Wednesday 17 October 2018

WON'T YOU BE MY NEIGHBOUR - London Film Festival review

Part of this year's London Film Festival is Morgan Neville's touching documentary about one of American television's nicest personalities, Fred Rogers.

If you grew up in the UK, Mister Rogers is best known as one of those ubiquitous American pop culture references made in films, that you never quite understood. Thankfully this film provides the context of who Fred Rogers was, and why he had such an indelible impression on the youth of America for so many years. A presbyterian minister who saw the need for informative children's television, his show Mister Rogers' Neighborhood ran from 1968 until his retirement in 2001, his kind and gentle persona teaching young children how to feel about their emotions, covering a wide range of topics like divorce, bullying and the assassination of Bobby Kennedy.

Using his tiger puppet Daniel Stripe and a host of characters for Rogers to interact with in the three walled set of his house, this was the kind of programming that seems quaint through modern eyes, like part of a bygone era before children were easily distracted by video games and brightly coloured cartoons. I'm aware that I'm sounding like a grandad by saying that, but this documentary makes clear that without Rogers there may have never been progressive, educational children's programming like Sesame Street. The filmmakers are also aware of how easily pastiched Rogers was, featuring clips of Eddie Murphy's affectionate homage on SNL, Mister Robinson's Neighborhood.

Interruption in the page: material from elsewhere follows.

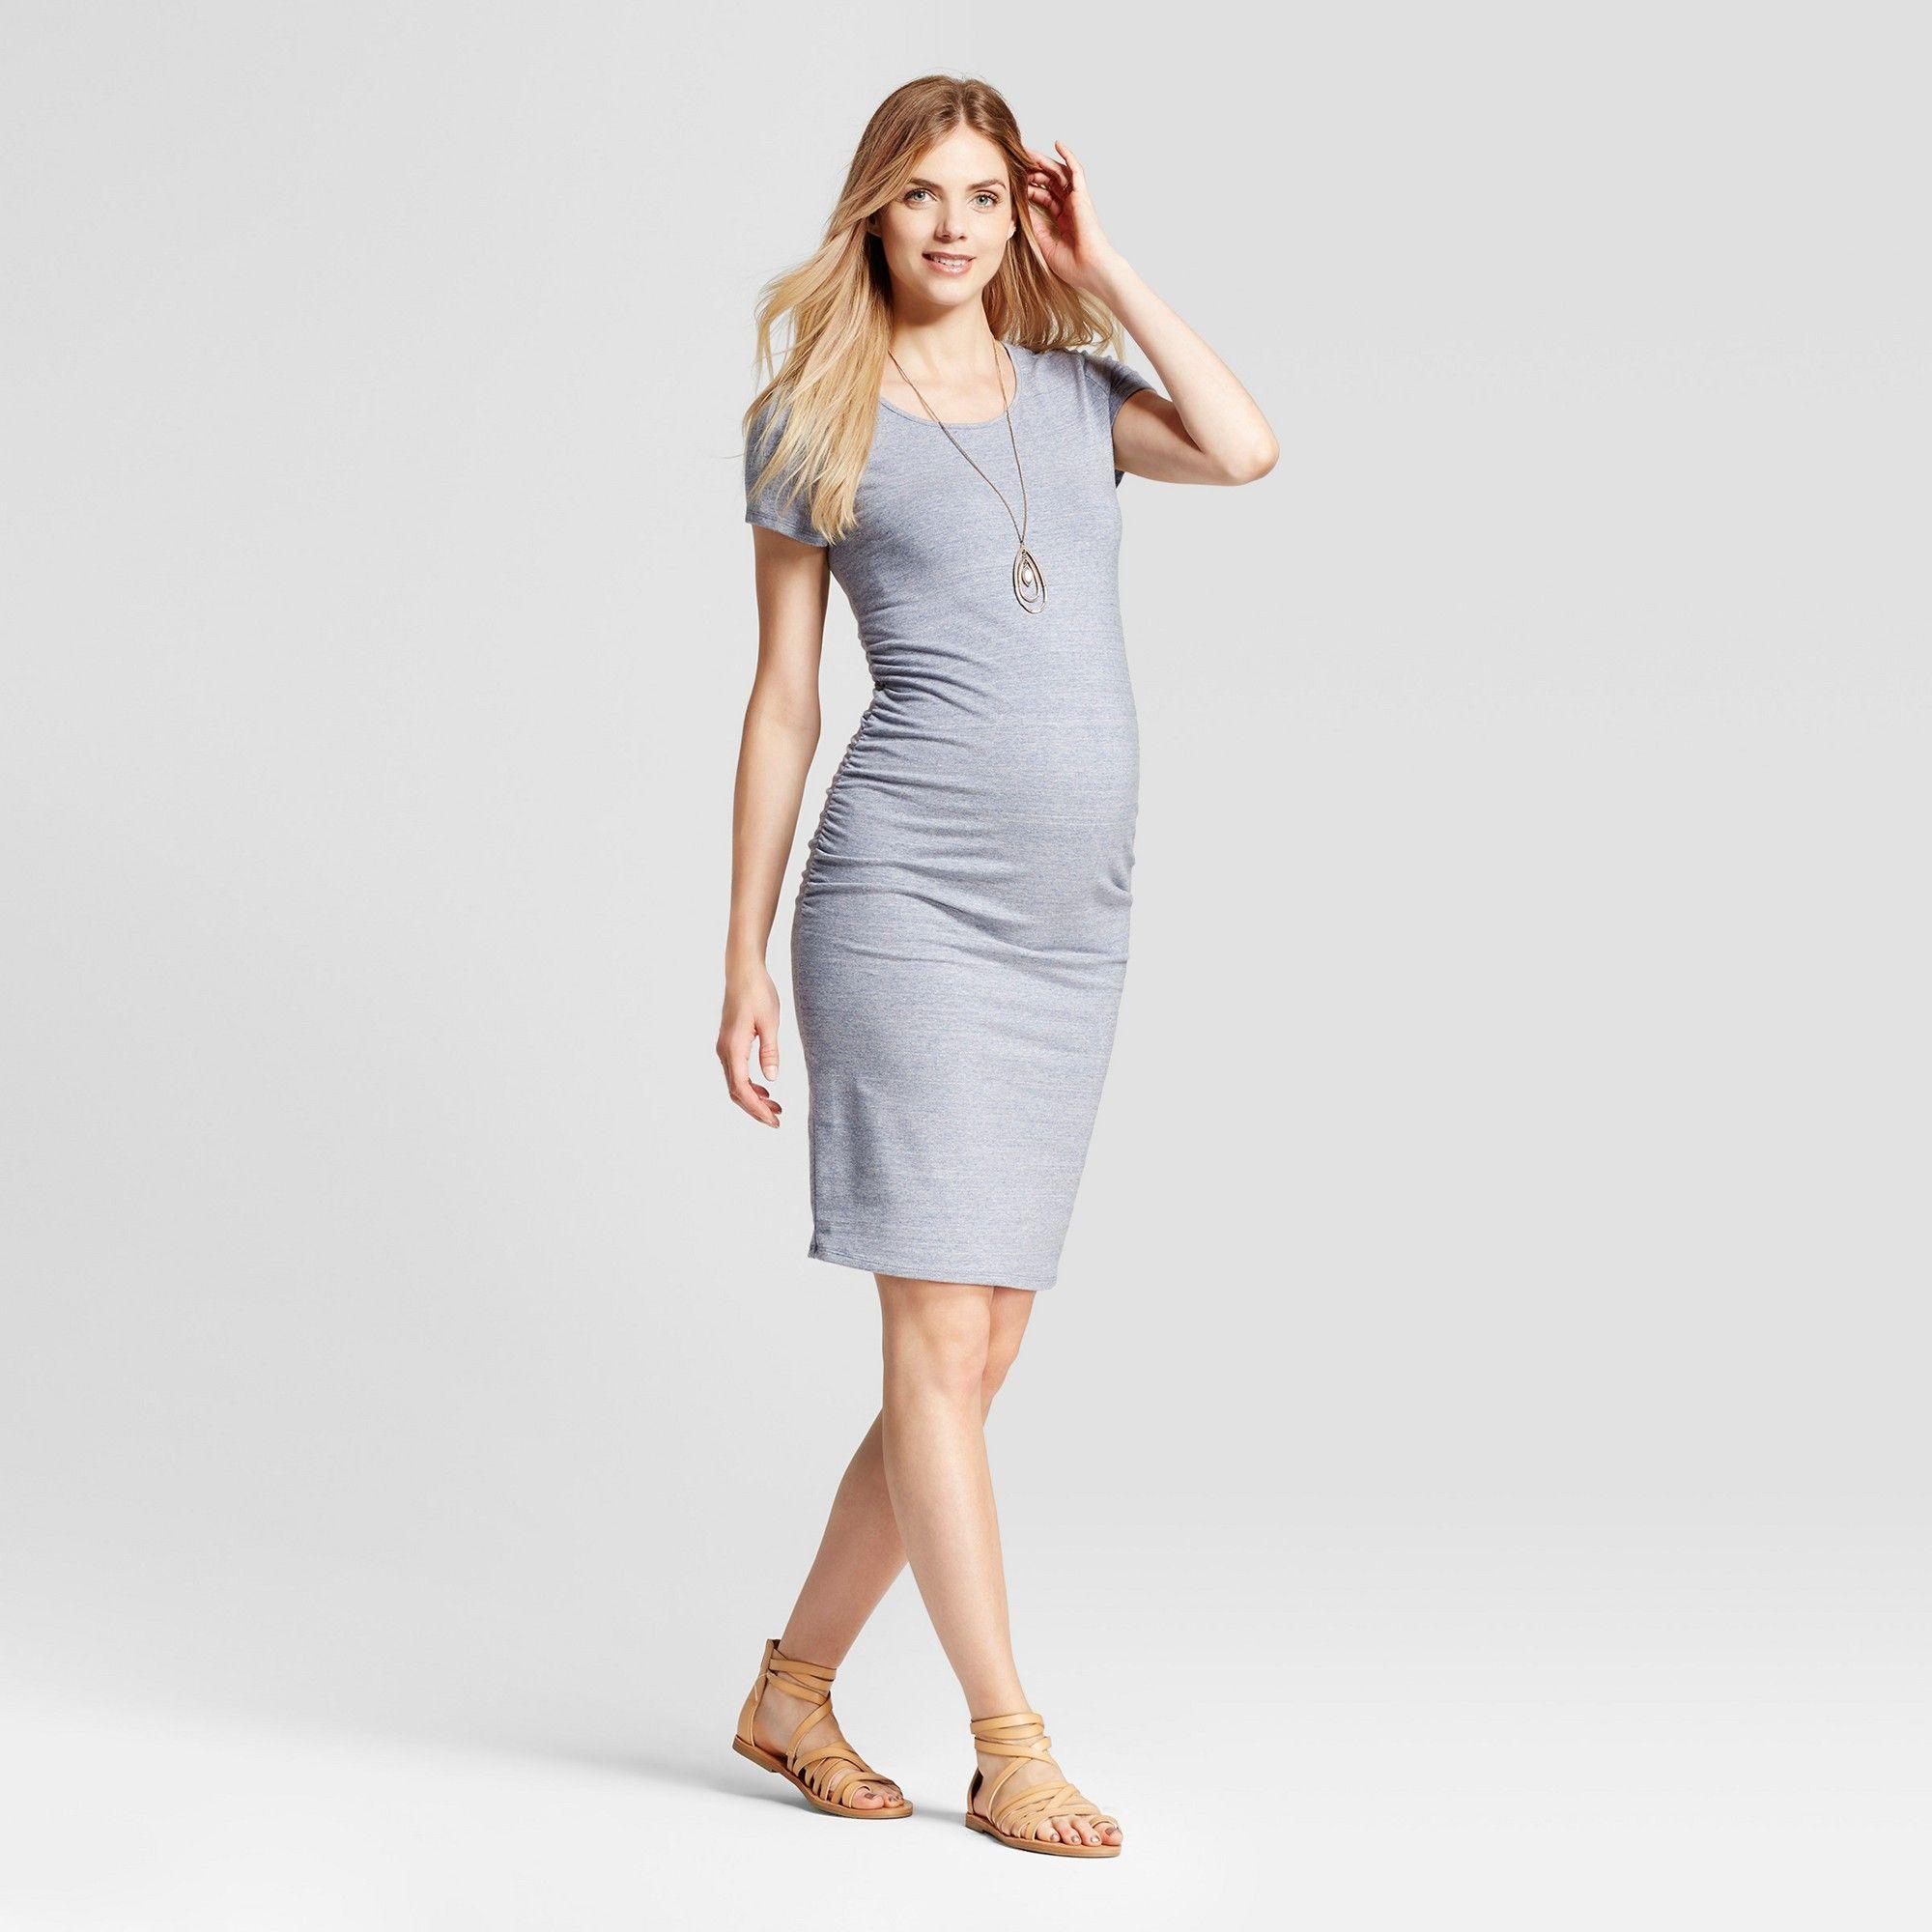 8287592b0f9f8 Maternity Short Sleeve Shirred T-Shirt Dress - Isabel Maternity by Ingrid &  Isabel Blue Marble Heather M, Women's

This is an extremely endearing documentary that, even if you weren't aware of Fred Rogers before viewing, will have you completely won over by the end. Even if you go in with a sense that there must be some dirt on such a kind and gentle soul, Neville digs as deep as he can to make sure the character of Rogers can't be called into question. The most controversial opinion Rogers had was asking long time cast member (Officer) Francois Clemmons in 1968 to remain in the closet for fear of the scandal it may cause, but as Clemmons attests as one of the key interview subjects here, he never considered Rogers to be an intolerant man and Rogers made right on the times he went wrong.

It's easy to be cynical about Fred Rogers as a subject with his kindly demeanour and trademark comfortable loafers and sweater, and (Academy Award nominee for 20 Feet from Stardom) Morgan Neville's doc is designed to be an uplifting experience, but I defy anyone with a heart not to find the footage of Rogers singing "It's You I Like" to disabled child Jeff Erlanger one of the most touching things you've ever seen. A kindly uncle to all of America's children, it's easy to see why Rogers, who passed away in 2003, has remained such a vital figure in American pop culture. Check your cynicism at the door and allow yourself to be open to the most heart-warming cinematic experience you could hope for, Won't You Be My Neighbour is one of the essential documentaries of the festival.